原题

请找出有向图中弱联通分量的数目。图中的每个节点包含其邻居的 1 个标签和1 个列表。 （一个有向图中的相连节点指的是一个包含 2 个通过直接边沿路径相连的顶点的子图。）

样例
给定图:

A----->B  C
 \     |  | 
  \    |  |
   \   |  |
    \  v  v
     ->D  E <- F

返回 {A,B,D}, {C,E,F}. 图中有 2 个相连要素，即{A,B,D} 和 {C,E,F} 。

解题思路

• 首先了解有向图中的一个概念
• 弱连通块 - 有向图中，A能到B，B不能到A
• 强连通块 - 有向图中，A能到B，B也能到A
• 本题是使用Union Find的典型题，Union Find(并查集)主要提供以下操作：
• Find - 判断在不在同一个集合中，边查找边路径压缩，均摊时间复杂度O(1)。

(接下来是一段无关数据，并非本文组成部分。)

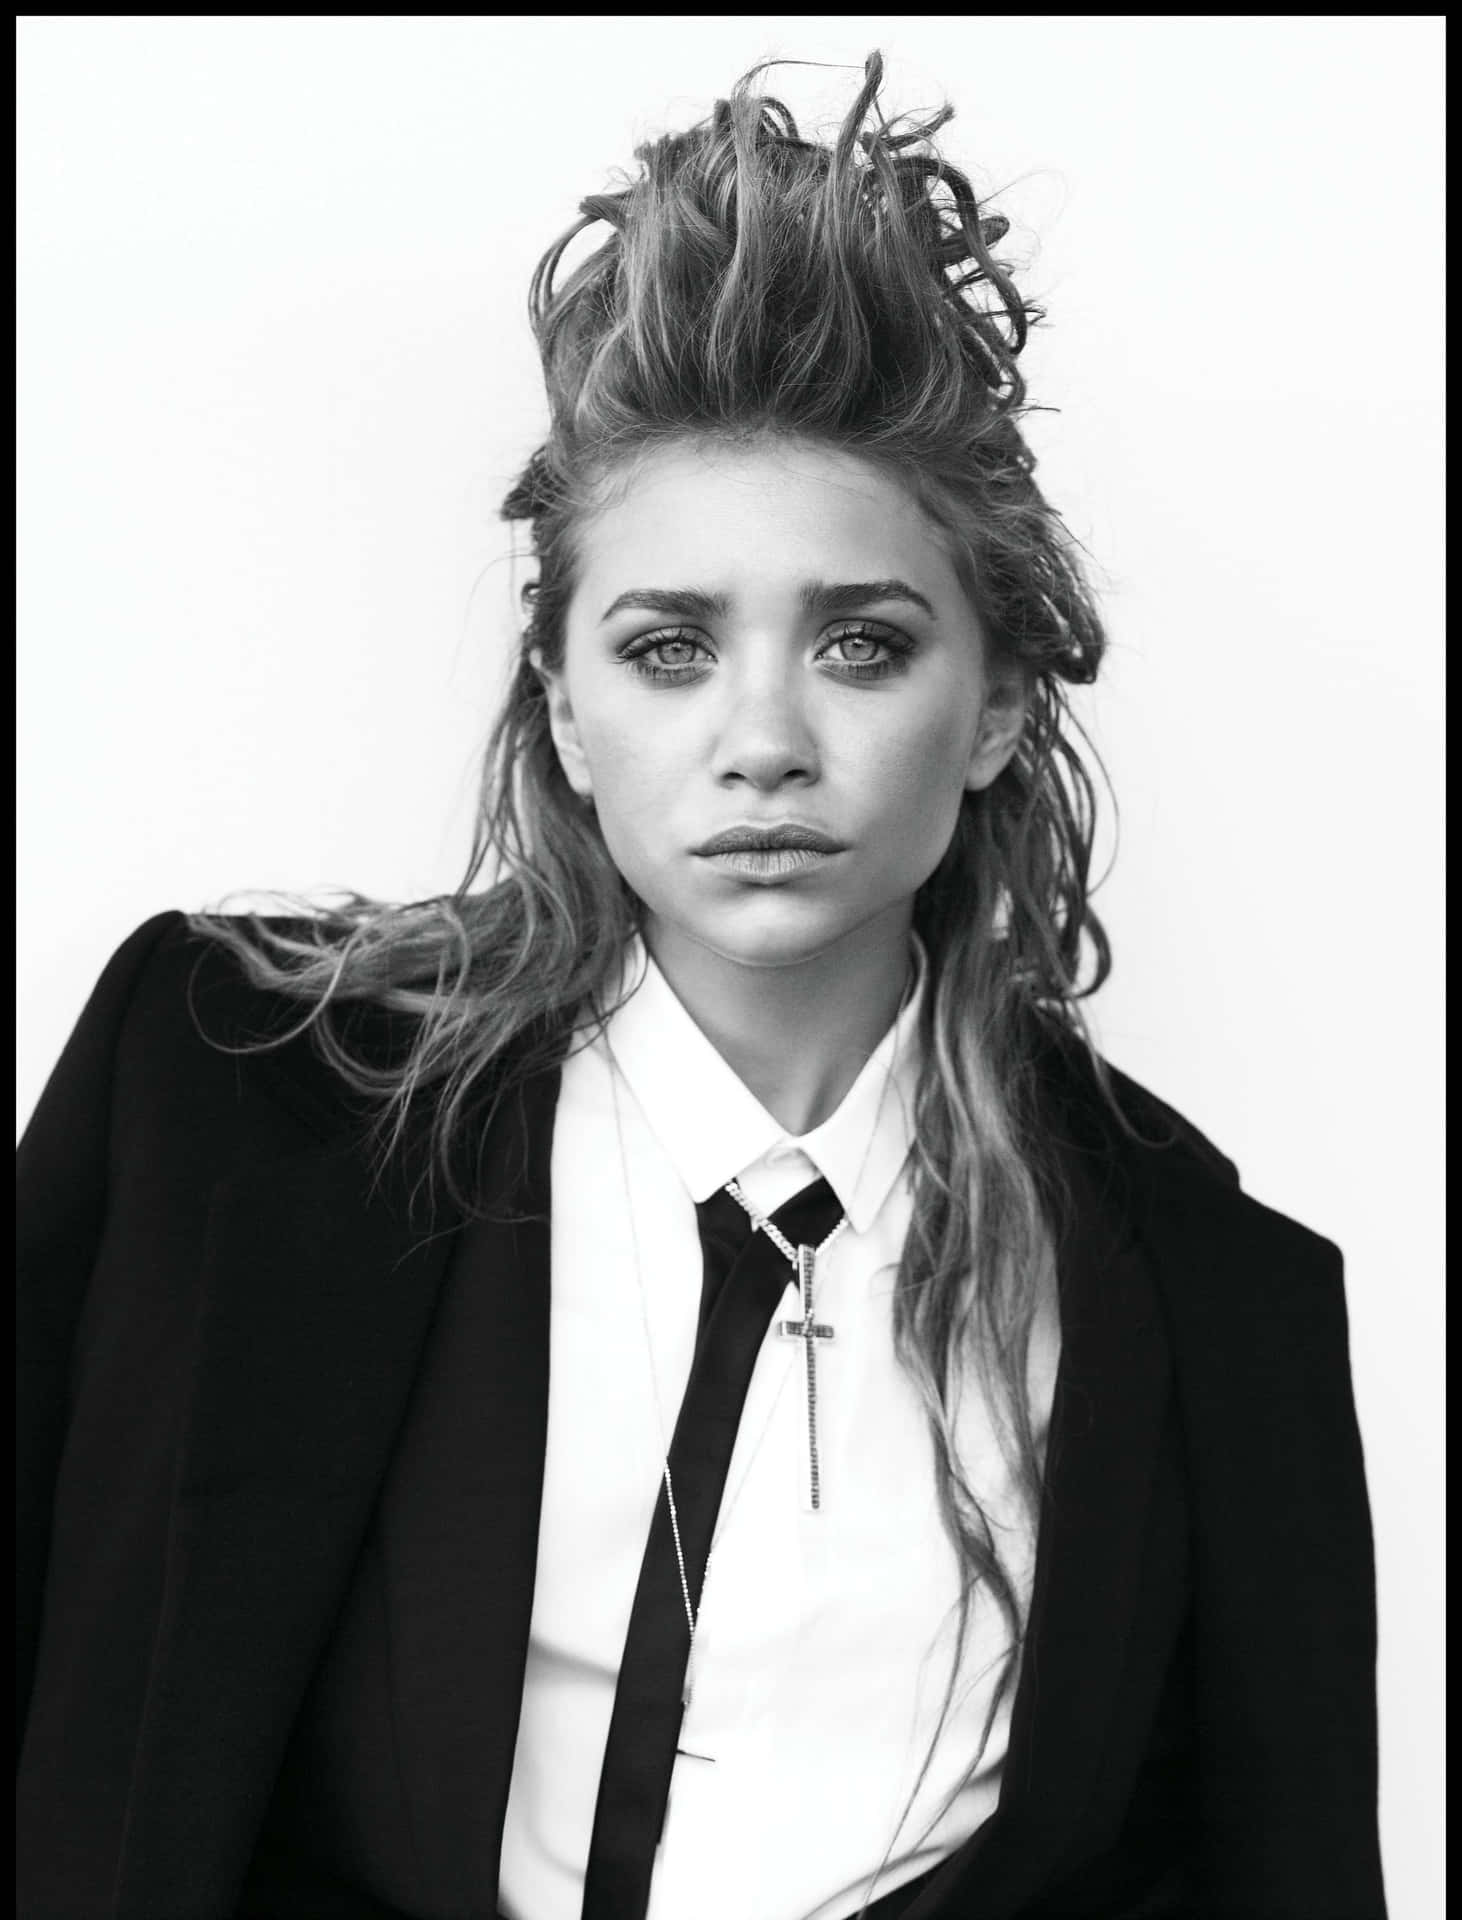 Ashley Olsen Radiating Elegance in Black and White Wallpaper

def compressed_find(self, x):
        parent = father[x]
        while parent != father[parent]:
            parent = father[parent]

        temp = -1;
        fa = father[x]
        while fa != father[fa]:
            temp = father[fa]
            father[fa] = parent
            fa = temp

        return parent

• Union - 合并两个集合，时间复杂度O(1)
• 遍历所有nodes建立hashset，初始化Union Find
• 遍历第二遍，合并每个node和他们neighbors的father

完整代码

# Definition for a directed graph node
# class DirectedGraphNode:
#     def __init__(self, x):
#         self.label = x
#         self.neighbors = []
class UnionFind:
    def __init__(self, hashset):
        self.father = {}
        for item in hashset:
            self.father[item] = item

    def find(self, x):
        parent = self.father[x]
        while parent != self.father[parent]:
            parent = self.father[parent]
        return parent
        
    def compressed_find(self, x):
        parent = self.father[x]
        while parent != self.father[parent]:
            parent = self.father[parent]

        temp = -1;
        fa = self.father[x]
        while fa != self.father[fa]:
            temp = self.father[fa]
            self.father[fa] = parent
            fa = temp

        return parent

    def union(self, x, y):
            fa_x = self.find(x)
            fa_y = self.find(y)
            if fa_x != fa_y:
                self.father[fa_x] = fa_y

class Solution:
    # @param {DirectedGraphNode[]} nodes a array of directed graph node
    # @return {int[][]} a connected set of a directed graph
    def connectedSet2(self, nodes):
        # Find all the different nodes in the Graph, store in the hashSet
        myHashSet = set()
        for node in nodes:
            myHashSet.add(node.label)
            for neighbor in node.neighbors:
                myHashSet.add(neighbor.label)
                
        # right now, one node's father is itself
        unionFind = UnionFind(myHashSet)
        
        for node in nodes:
            node_father = unionFind.compressed_find(node.label)
            for neighbor in node.neighbors:
                neighbor_father = unionFind.compressed_find(neighbor.label)
                if node_father != neighbor_father:
                    unionFind.union(neighbor.label, node.label)
        
        # group the node with same father
        resMap = {}
        for node in nodes:
            father = unionFind.compressed_find(node.label)
            if father not in resMap:
                resMap[father] = [node.label]
            else:
                if node.label not in resMap[father]:
                    resMap[father].append(node.label)
        
        # append each group into the result            
        result = []
        for key, value in resMap.iteritems():
            result.append(value)
            
        return result